Alternatively, you can use the simultaneousGesture() modifier to tell SwiftUI you want both the parent and child gestures to trigger at the same time, like this:

struct ContentView: View {
    var body: some View {
        VStack {
            Text("Hello, World!")
                .onTapGesture {
                    print("Text tapped")
                }
        }
        .simultaneousGesture(
            TapGesture()
                .onEnded { _ in
                    print("VStack tapped")
                }
        )
    }
}

That will print both “Text tapped” and “VStack tapped”.

Finally, SwiftUI lets us create gesture sequences, where one gesture will only become active if another gesture has first succeeded.
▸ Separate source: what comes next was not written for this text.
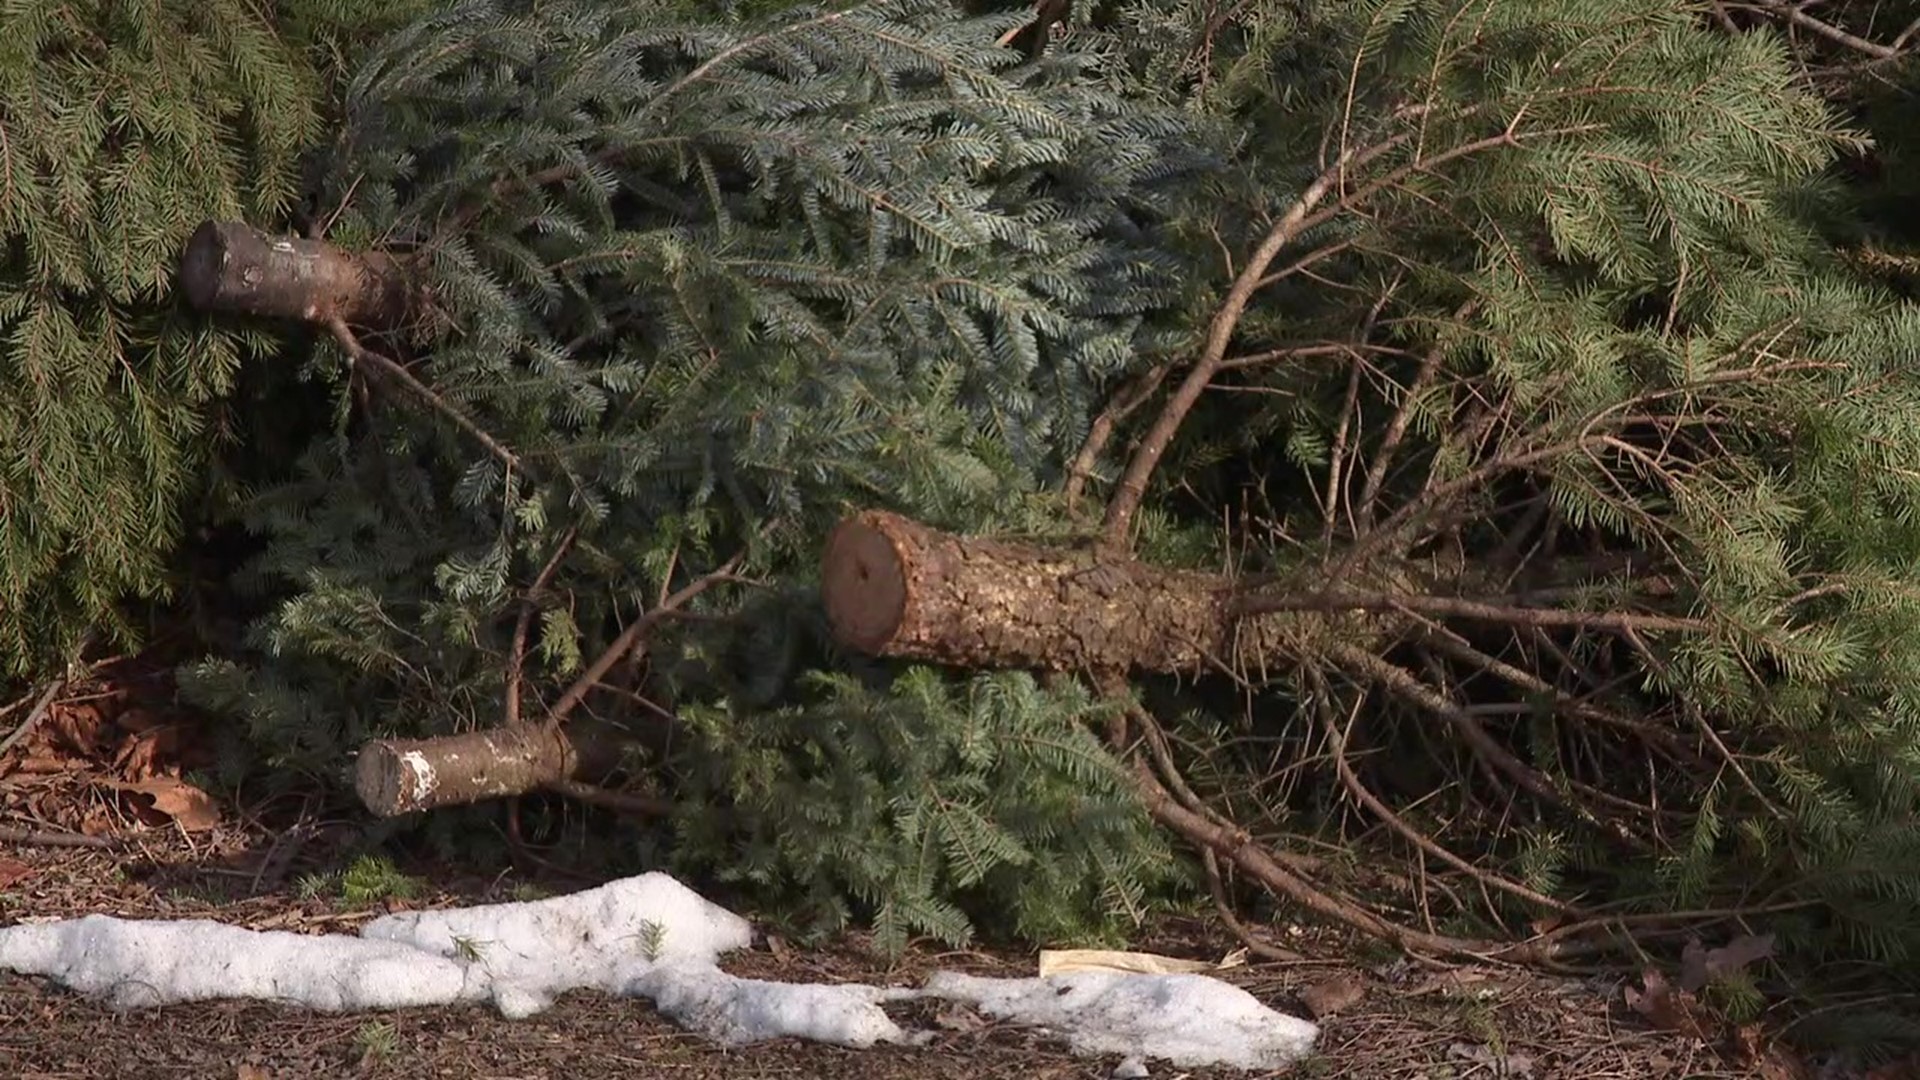 Now that the holiday season is over, you might find yourself tossing your Christmas tree to the curb. But before you send out your spruce, consider donating it.

This takes a little more thinking because the gestures need to be able to reference each other, so you can’t just attach them directly to a view.

Here’s an example that shows gesture sequencing, where you can drag a circle around but only if you long press on it first:

struct ContentView: View {
    // how far the circle has been dragged
    @State private var offset = CGSize.zero

    // whether it is currently being dragged or not
    @State private var isDragging = false

    var body: some View {
        // a drag gesture that updates offset and isDragging as it moves around
        let dragGesture = DragGesture()
            .onChanged { value in self.offset = value.translation }
            .onEnded { _ in
                withAnimation {
                    self.offset = .zero
                    self.isDragging = false
                }
            }

        // a long press gesture that enables isDragging
        let pressGesture = LongPressGesture()
            .onEnded { value in
                withAnimation {
                    self.isDragging = true
                }
            }

        // a combined gesture that forces the user to long press then drag
        let combined = pressGesture.sequenced(before: dragGesture)

        // a 64x64 circle that scales up when it's dragged, sets its offset to whatever we had back from the drag gesture, and uses our combined gesture
        return Circle()
            .fill(Color.red)
            .frame(width: 64, height: 64)
            .scaleEffect(isDragging ? 1.5 : 1)
            .offset(offset)
            .gesture(combined)
    }
}

Gestures are a really great way to make fluid, interesting user interfaces, but make sure you show users how they work otherwise they can just be confusing!